On The Process of Writing: The Writers I Know
By Beacon Creative Director George Cork Maul

For some reason I have become attached to a number of writers in my life. That seems strange because I’m not a writer and, truth be told, I have a serious lack of trust of the written word. I believe that words can only be used for telling lies and giving driving directions. I am an aural learner. I am fascinated by the way words sound, but what they actually mean escapes me. My favorite sentence is, “Which light switch lights which light?”
There are a significant number of “words people” on the East End of Long Island. I’m not sure what attracts them here, but once they arrive, they tend to stay. They are beasts of a wide variety. Some write poems, some write books, some pretend they are journalists, and some just read the signs. I love them all because they all contain one thing that makes me love them. They all have a profound love for a story. I’m attracted to that. Endlessly.
Because they are story people, they embed themselves in the fabric of the East End and they dig in deeper and deeper until they are barely recognizable as writers. Let me tell you about a few of them.
I know an auto mechanic who is a poet. He weaves a yarn each day and writes poems in his off time when he is not working or tending to his family. He is so dedicated to his endeavor that he barely eats. It’s a dead giveaway to anybody who is looking.

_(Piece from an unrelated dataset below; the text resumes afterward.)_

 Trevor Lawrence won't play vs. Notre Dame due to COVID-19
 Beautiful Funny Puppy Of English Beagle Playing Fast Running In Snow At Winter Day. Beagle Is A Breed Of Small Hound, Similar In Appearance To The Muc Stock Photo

His life is a daily yarn that he spins between oil changes. It should be the subject of a documentary entitled: A day in the life of a day of an axle grease poet.
I know another writer who has been studying to be a writer for 20 years. She hasn’t written anything significant yet. She’s still studying. But I can’t wait for the story to emerge. It’s a good one. She has lived a life filled with pain and she hides in a waterfront rental, staring out at Robins Island. I can tell by her morning walk that sometimes the pain is overwhelming and impossible to bear.
Writers are sensitive people. I laughingly refer to writers as depressed musicians. Their art is a form of release of the worst cerebral pain imaginable.
The best example of this is a writer I know who was the best man at my wedding. He lives in a group home now after he was homeless and disappeared for 20 years. At my wedding he gave a toast by holding up a piece of toasted Wonder Bread. Almost all writers have a profound attraction to puns, which makes no sense to me. My best man’s writing goes from ridiculous punning to a profound, sublime articulation of the truth, at the drop of a hat, without any notice.
And then there are the journalists. I know a lot of them. They are the ones caught between the truth and the story, as witnesses standing on the sidelines. They usually work so many hours that they become invisible in the landscape, just going from car crash to brushfire to town hall meeting. They forget who they are. Some of them are terribly boring writers. Most of them have a novel in their soul that they want to eject at some time in the future. One writer I know says she is a journalist but she only works as a barmaid. It’s a story in the making, but it might not actually make it to words for another 40 years. There are columnists who must be paid in cash so they’ll know they’re one step ahead. I don’t know what they’re trying to stay one step ahead of. My favorite journalist has already written a book and is trying to find her way back to writing a new one. Journalists are all watching the story of the East End and planning to put the complete story together into a master version with the subtitle, “The Story of the End of the East End.”
So what is it about Eastern Long Island that seems to bake in writers, like blueberries into a pancake?
It’s got to be the sense of story. I can’t help thinking that the East End in unique in the way we see our inner world and the way we view the outside world.
There is a common anecdote that people refer to about how we notice each other as neighbors. The way the story goes, someone notices one of their neighbors walking their dog in the morning at 9:30 a.m. Around 11 a.m., the dog walker gets a phone call: “Hey Ellie, I noticed you walked your dog this morning at 9:30. You usually walk it at 9:15, is everything ok?”
So much for the writer within us all, and our view of this neighborhood, and the sense of community we view the outside world through. Living on the East End is like living in a Steinbeck novel, a Norman Rockwell drawing and a Jackson Pollack painting all at the same time. And no one knows that better than… a writer.